■ **Data block**
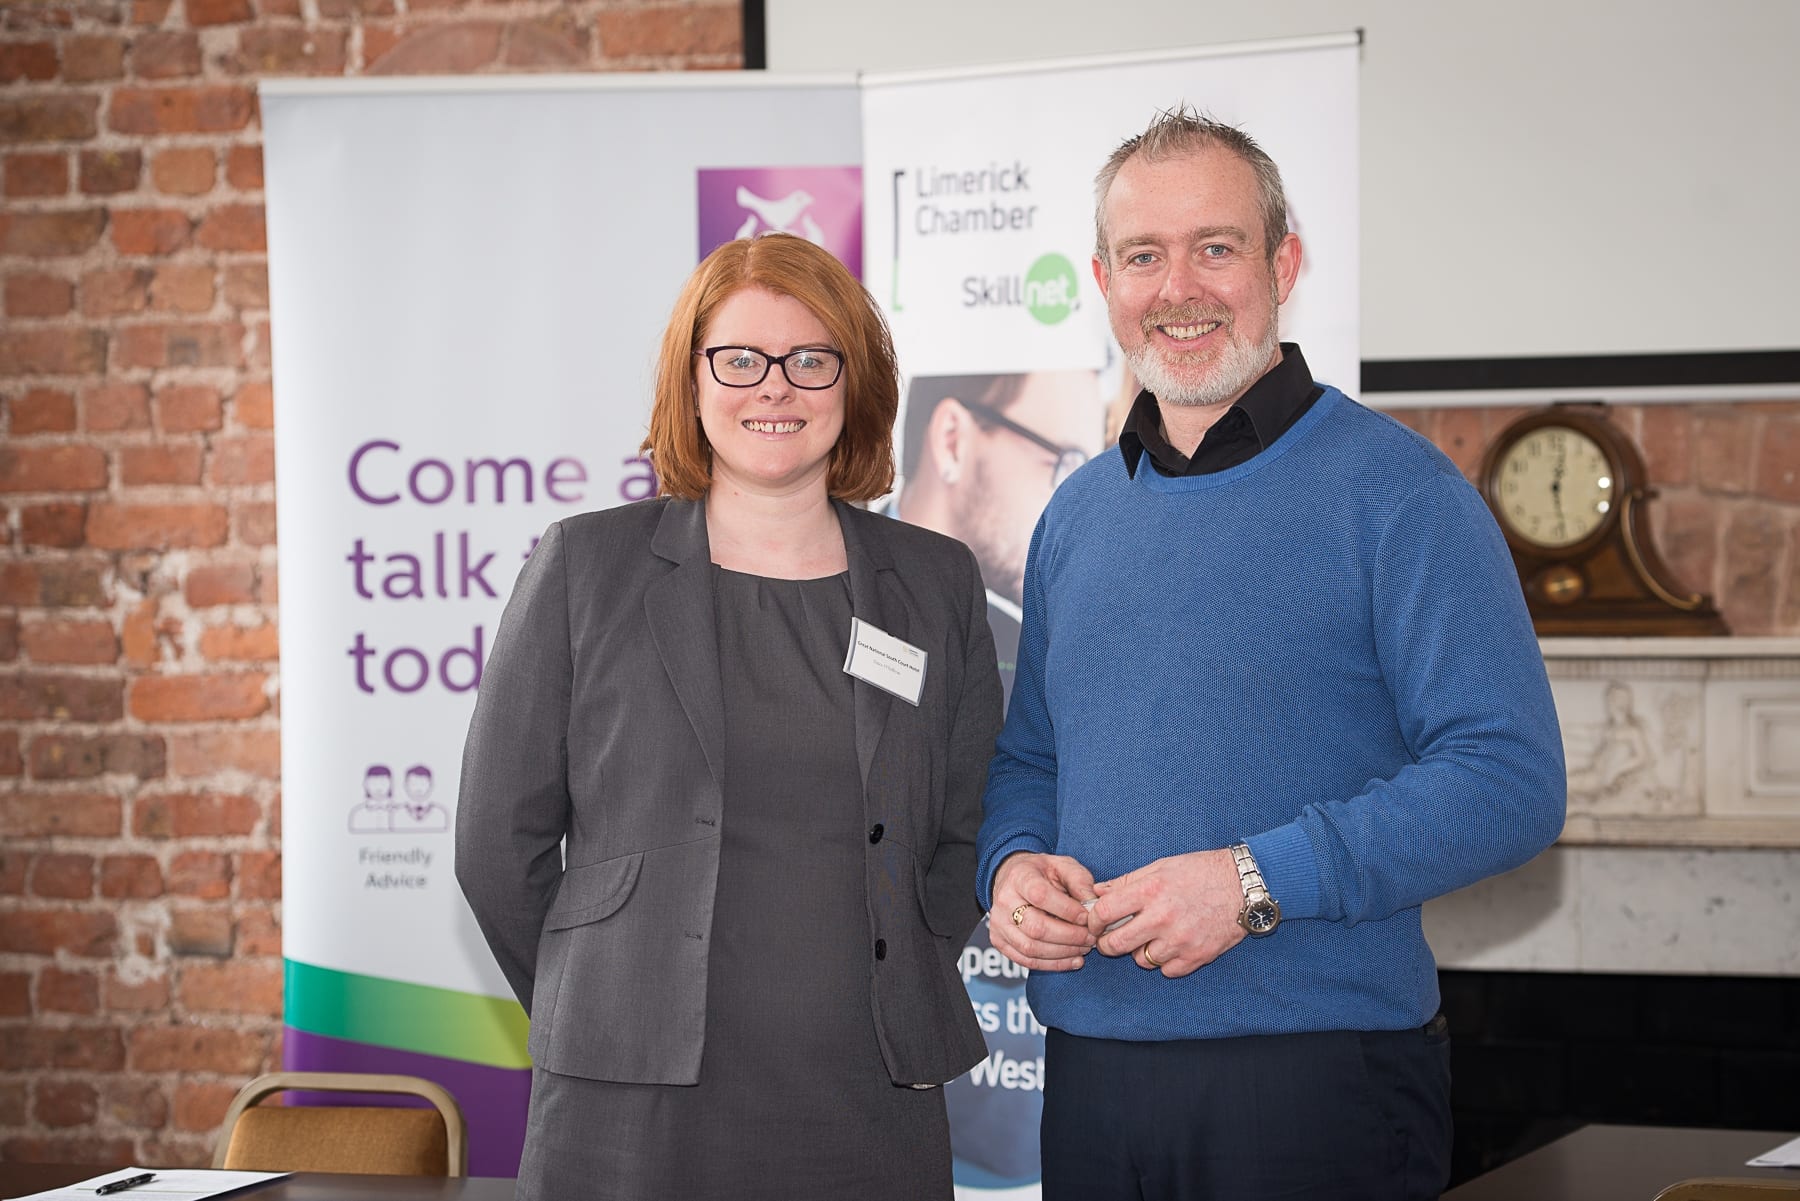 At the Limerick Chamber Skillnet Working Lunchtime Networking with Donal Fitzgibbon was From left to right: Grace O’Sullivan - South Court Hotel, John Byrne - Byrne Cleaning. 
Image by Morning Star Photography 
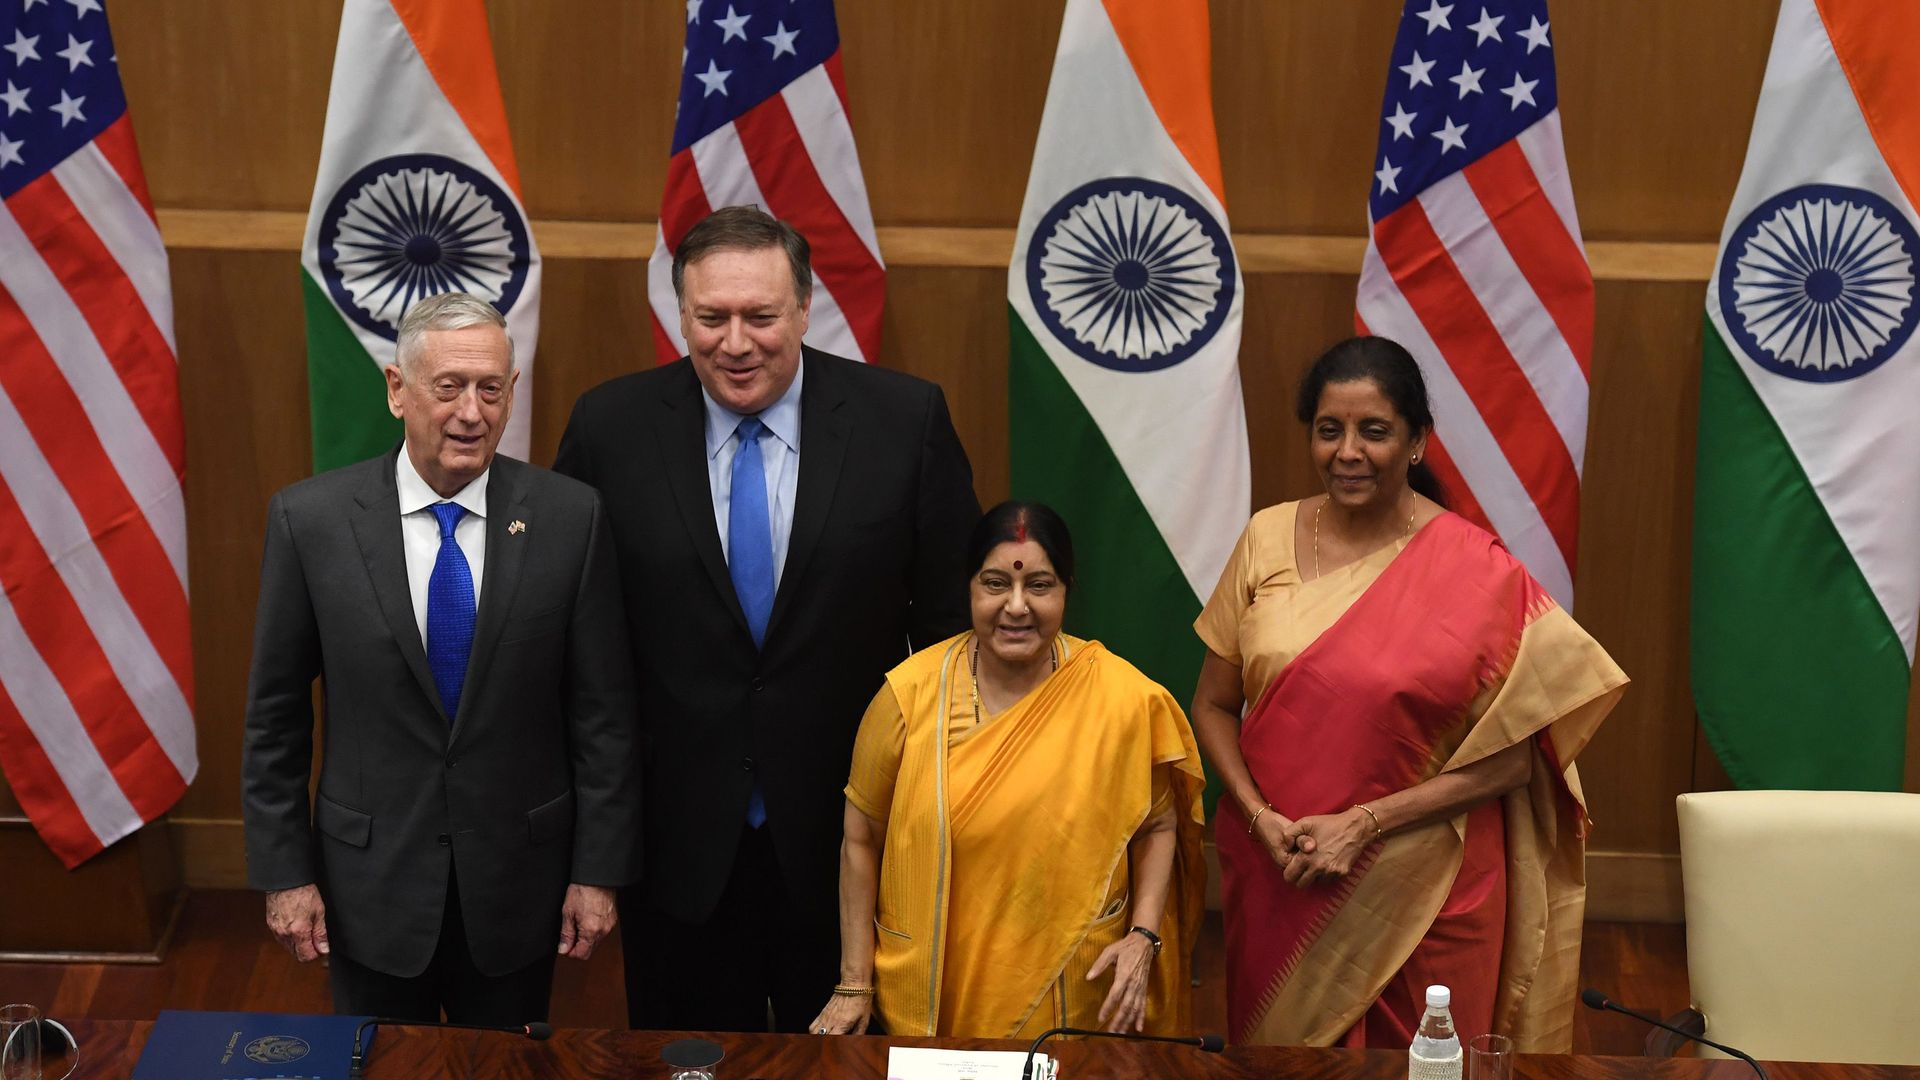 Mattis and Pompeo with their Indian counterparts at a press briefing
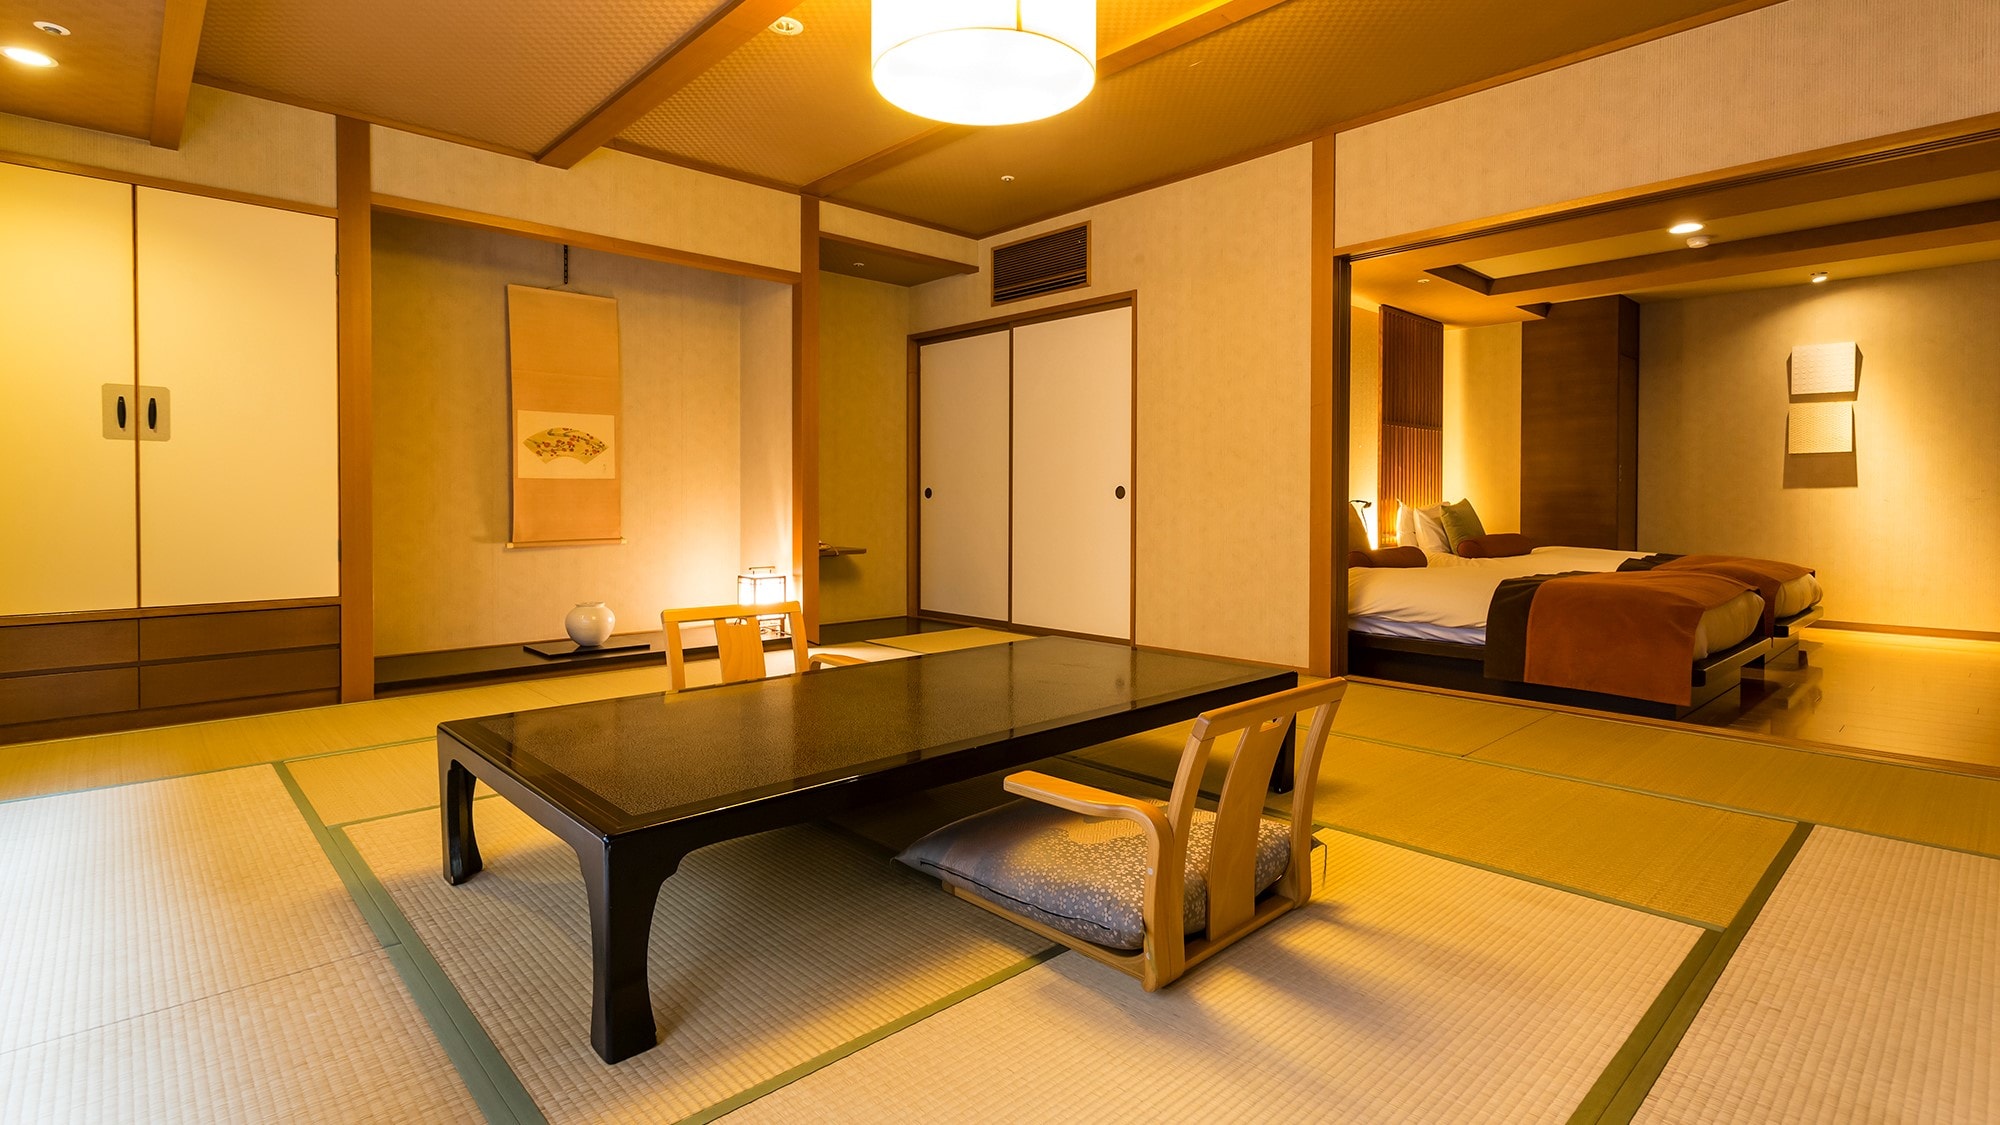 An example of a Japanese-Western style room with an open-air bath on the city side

■ **Task prompt**
Return every line above verbatim, pictures excluded.

■ **Task solution**
 At the Limerick Chamber Skillnet Working Lunchtime Networking with Donal Fitzgibbon was From left to right: Grace O’Sullivan - South Court Hotel, John Byrne - Byrne Cleaning. 
Image by Morning Star Photography 
 Mattis and Pompeo with their Indian counterparts at a press briefing
 An example of a Japanese-Western style room with an open-air bath on the city side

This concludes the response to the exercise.